2. Throughout history, educators and philosophers have discussed different
pedagogical approaches to education, and numerous theories and techniques
have been proposed
In the Western world, pedagogy is associated with the Greek tradition of
philosophical dialogue, particularly the Socratic method of inquiry.
Socrates employed the Socratic method while engaging with a student or
peer. The instructor in this learning environment recognizes the learners'
need to think for themselves to facilitate their ability to think about problems
and issues.
Plato describes three castes: one to learn a trade; one to learn literary and
aesthetic ideas; and one to be trained in literary, aesthetic, scientific, and
philosophical ideas. Plato saw education as a fulfillment of the soul.
3. Since the time they launched their first school in 1548, the Jesuits believed
that a high quality education is the best path to meaningful lives of
leadership and service. The Jesuits adapted available educational models
while developing their own pedagogical methods to become the
"schoolmasters of Europe.“
During the mid-1600s in what is now the Czech Republic, the
educator Comenius wrote the first children's textbook containing vivid
illustrations, entitled The Visible World in Pictures. Known as the "Father of
Modern Education," Comenius believed in a holistic approach to education. He
taught that education began in the earliest days of childhood and continued
throughout life, and that learning, spiritual, and emotional growth were all
woven together.
4. During the 1700s, the philosopher Jean-Jacques Rousseau presented his
methodology on the education of children in his novel Emile, the story of the
education of a young boy. Within his novel, Rousseau described the importance of
having a focus on both environment and personal experience. Different learning
stages are described: for example, during the "the age of nature" (from ages 2 to
12), Rousseau argued that a boy should receive no moral instruction or verbal
learning, as the mind should be "left undisturbed until its faculties have
developed." Instead, education during this stage should be focused on physical and
sensory development.
In the late eighteenth and early nineteenth centuries, Johann Heinrich Pestalozzi,
a Swiss pedagogue and educational reformer, greatly influenced the development
of the educational system in Europe and America.

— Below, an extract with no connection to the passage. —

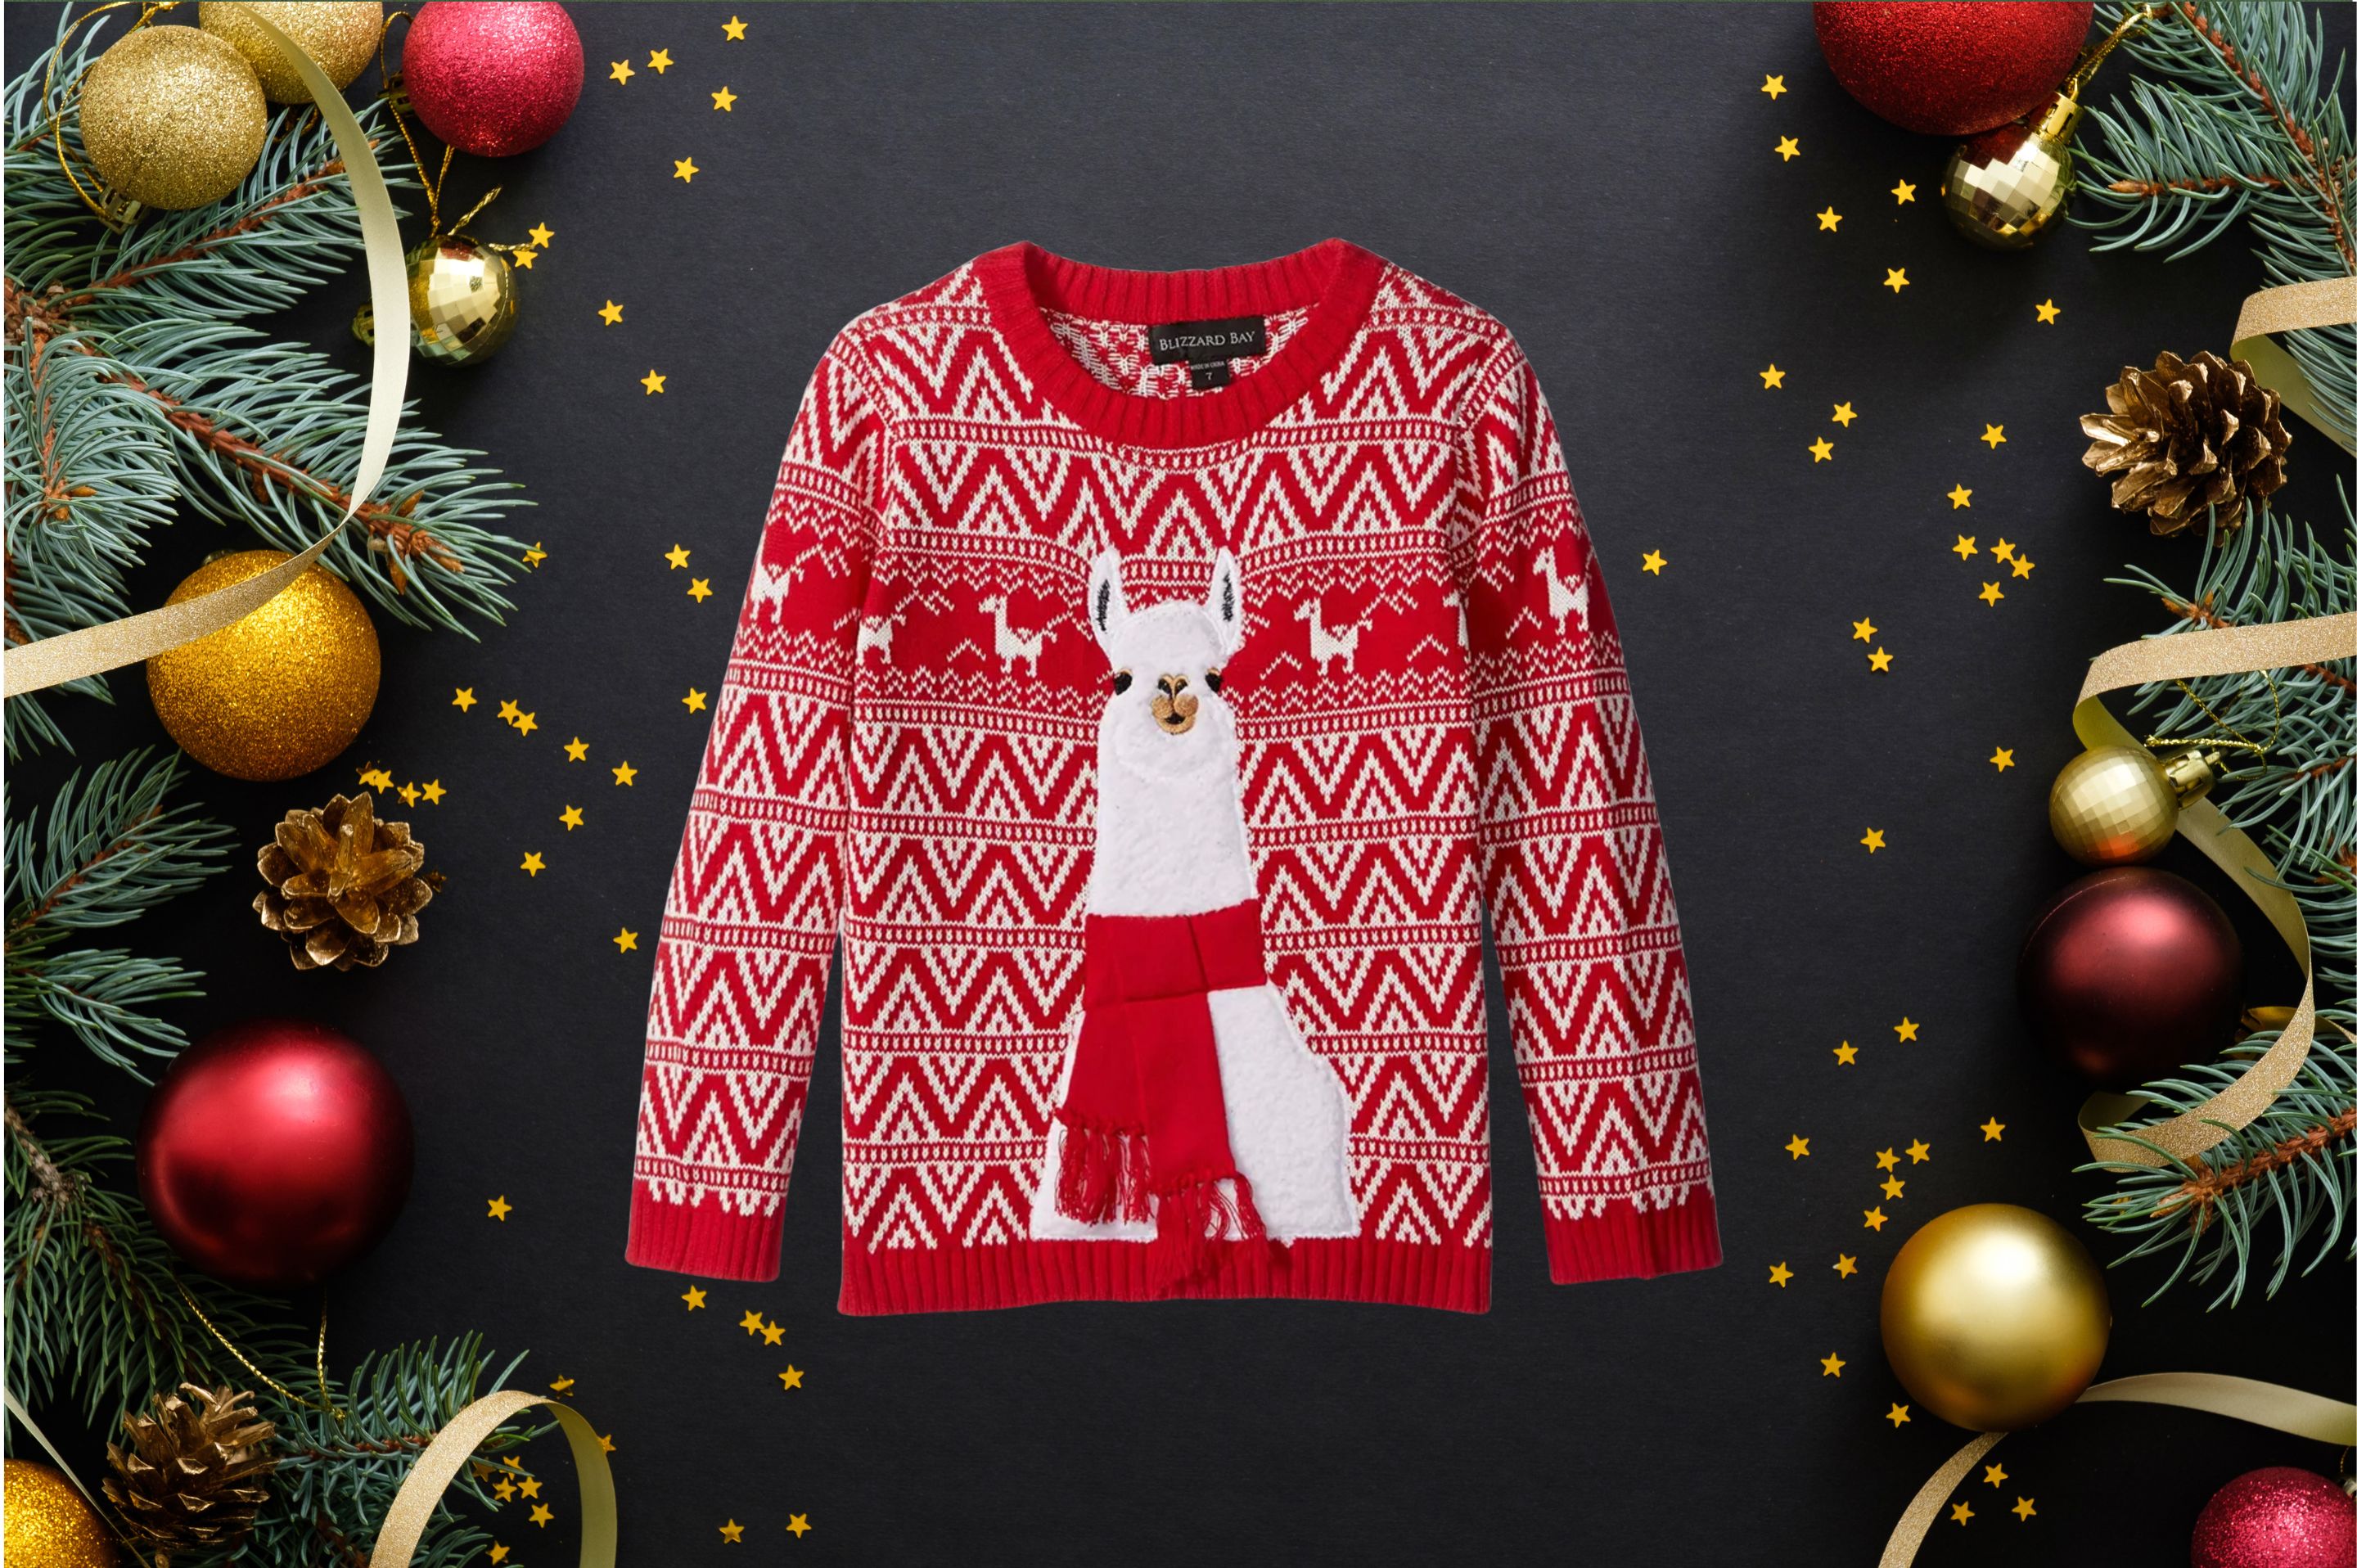 Mens Ugly Christmas Sweater: Our Editor's Picks

His educational method
emphasized the importance of providing a loving, family-type environment in
which the child can grow and flourish naturally, balancing their intellectual,
physical, and technical abilities, with emotional, moral, ethical,
and religious growth.
5. Friedrich Wilhelm August Fröbel, a German educator, also made substantial
advances in children's education, particularly the invention of
the kindergarten system for young children. His own difficulties as a child, his
love of nature, and his faith in God, combined with his experiences
with Pestalozzi's educational system, were the foundation for his insights into
the education of very young children. He recognized the importance of play in
order to allow their creativity to unfold and blossom. His school included a
large room for play, as well as a garden outside for the children to grow
flowers and other plants.
John Dewey believed that meaningful learning is participatory, and he
emphasized relevance over authoritarianism. His theory was also linear in
that the past and the present shapes the future.
6. Maria Montessori’s theories werethat children essentially teach themselves;
the teacher’s primary responsibility is to create the appropriate environment
for learning and provide the spark that allows children to develop naturally.
Given the ability to be mobile and learn from their surroundings rather than
being forced to sit still and be lectured to, most children, even rough inner-
city kids, flourished under her system.
Paulo Freire created an approach to emancipatory education and a lens
through which to understand systems of oppression in order to transform
them. He flipped mainstream pedagogy on its head by insisting that true
knowledge and expertise already exist within people. They need no
“deposits” of information (what Freire calls “banking education”), nor do
they need leftist propaganda to convince them of their problems. What is
required to transform the world is dialogue, critical questioning, love for
humanity, and praxis, the synthesis of critical reflection and action.